# Table Top Finish- Polycrylic and Polyurethane



## ErikF (Apr 3, 2012)

I'm working on a 42" round table right now and have a few questions about finishing the dining surface. Polycrylic has been my go to for most furniture pieces but none of the furniture I have built was intended to have cups of liquid resting on the surface.

What I have: 1 can of Varathane water based polyurethane and 1 can of polycryclic.

Since they finishes are both water based can I pt down a base with the polycryclic and finish it off with some top coats of the polyurethane? I want the look the polycrylic gives the wood and the protection of the polyurethane.

Thanks


----------



## BillWhite (Jul 23, 2007)

Aren't both polyurethane? Polycrylic is a water based poly finish. Why not just use the water based only?
Bill


----------



## ErikF (Apr 3, 2012)

I am really not sure to tell you the truth. I have read that polycrylic doesn't handle spills very well and that it easily spots. Anyone know if this is accurate?


----------



## CplSteel (Jun 22, 2012)

Short answer is that, in my experience the water based poly is fine.

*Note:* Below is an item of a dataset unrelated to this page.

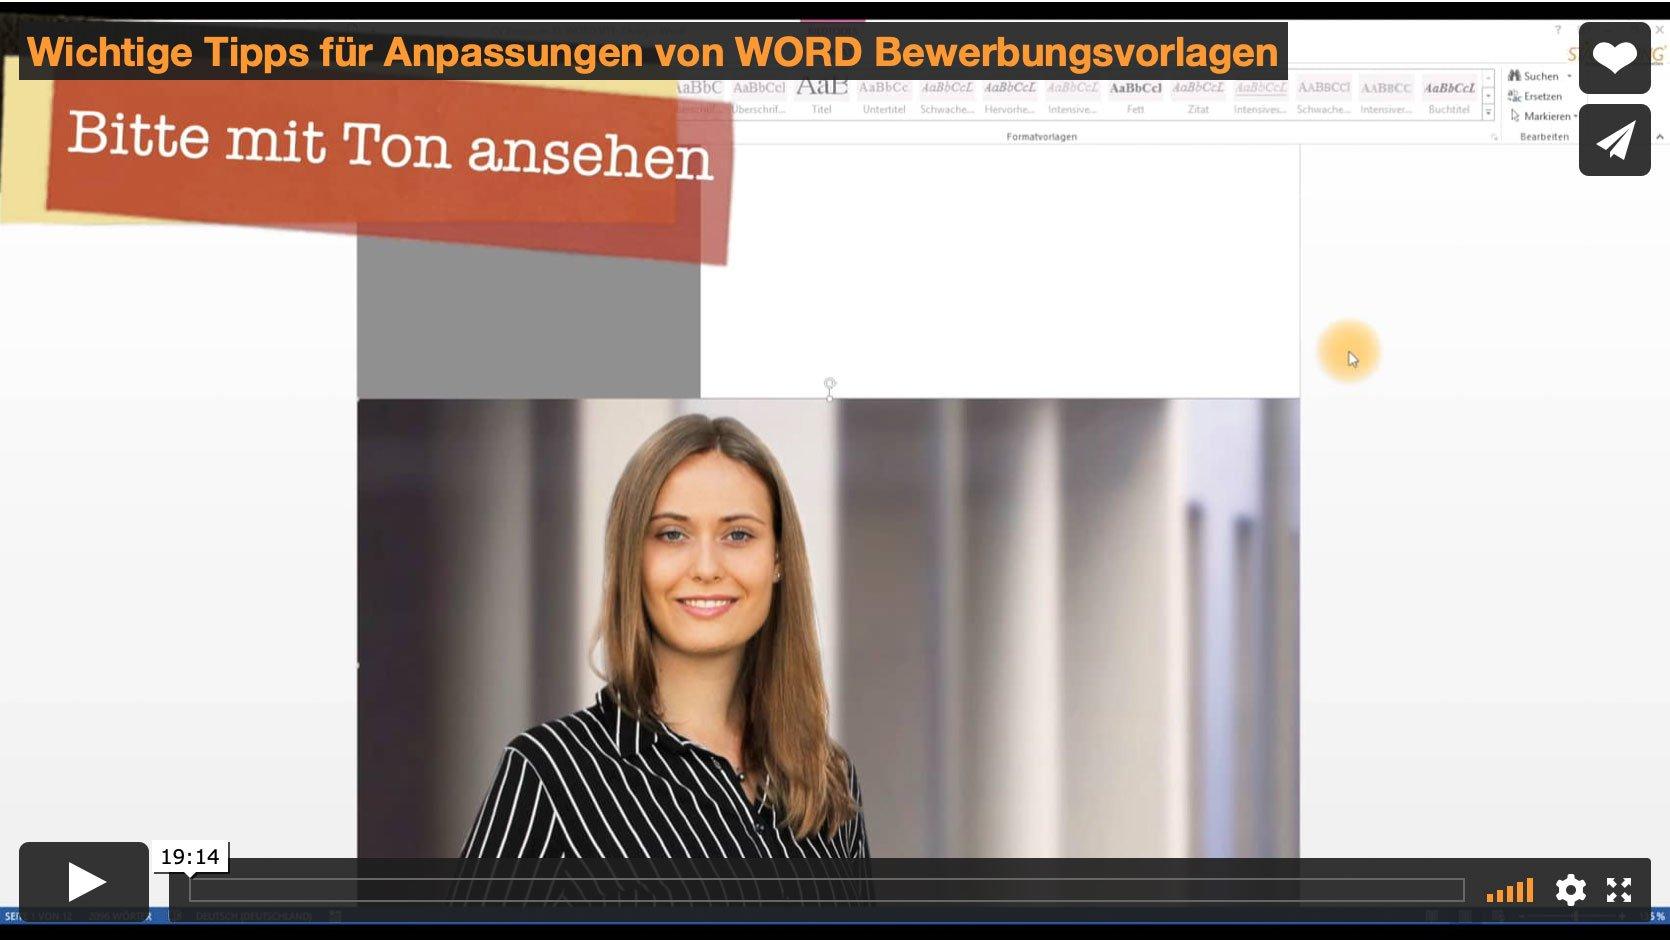 Video-Anleitung: Perfekte Bewerbungen mit WORD gestalten Image
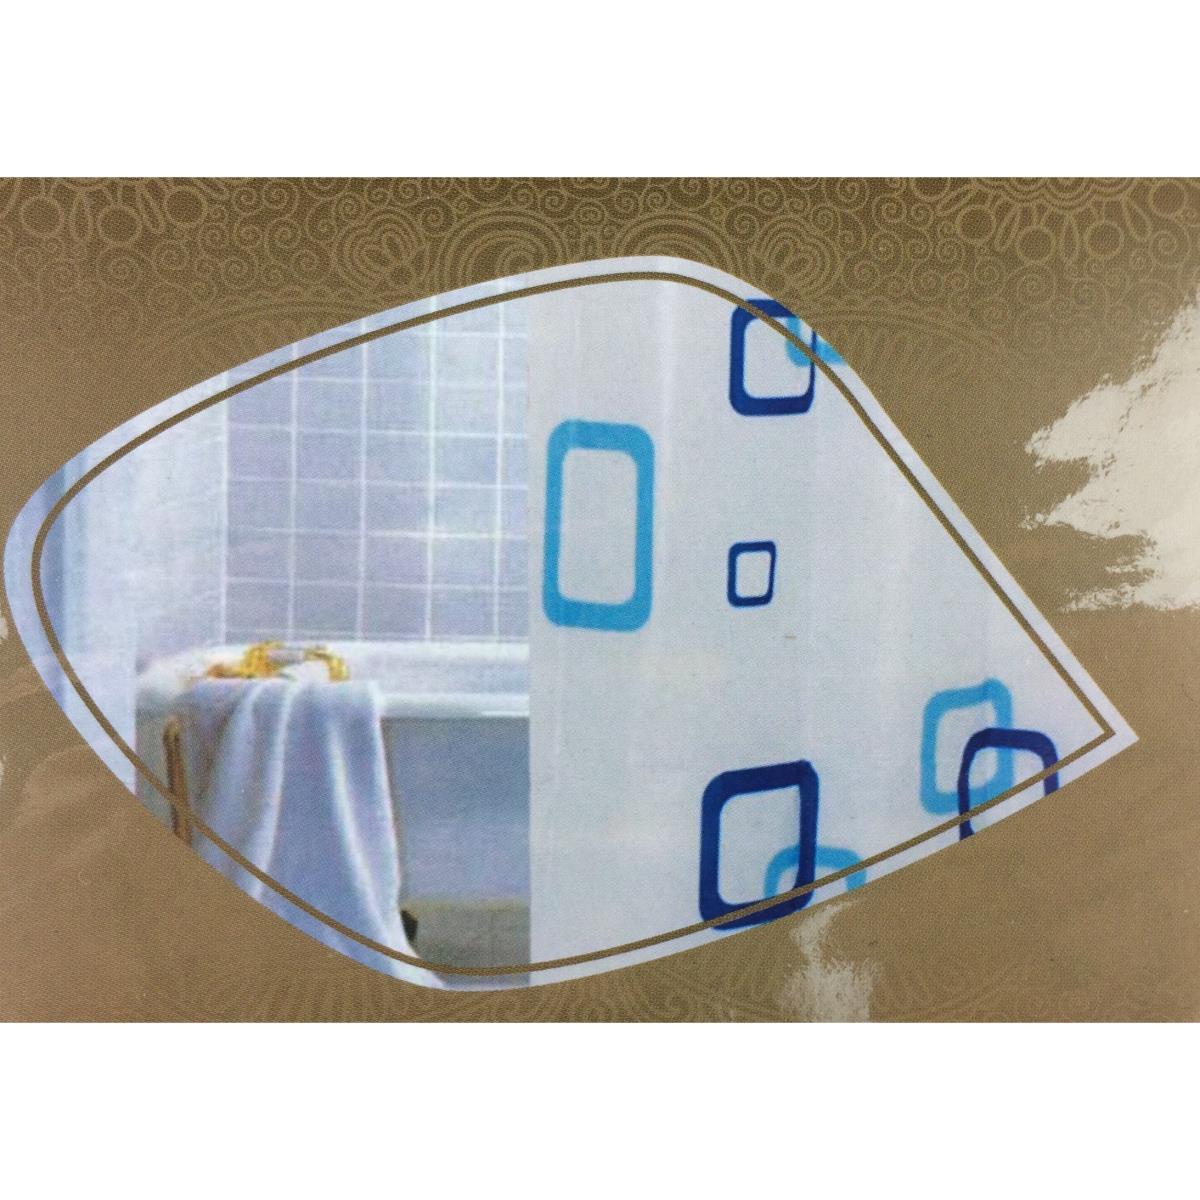 Duschabtrennung mit Ringen Badvorhang Wannenvorhang Duschvorhang 180 x 180 cm ,UAB,000051182740, 4770364246807

I almost always use water based paints and finishes. I have a HVLP sprayer and keeping everything water soluable makes my life easier. So when I built an aquarium stand, I painted it with a latex paint and I sealed it with a couple coats of Polycrylic. It has been in existence for a year now, getting salt water drops on it every day and once a week it gets a bit of splashing on it when I do my weekly maintenance. Absolutely no problems with the water contact.


----------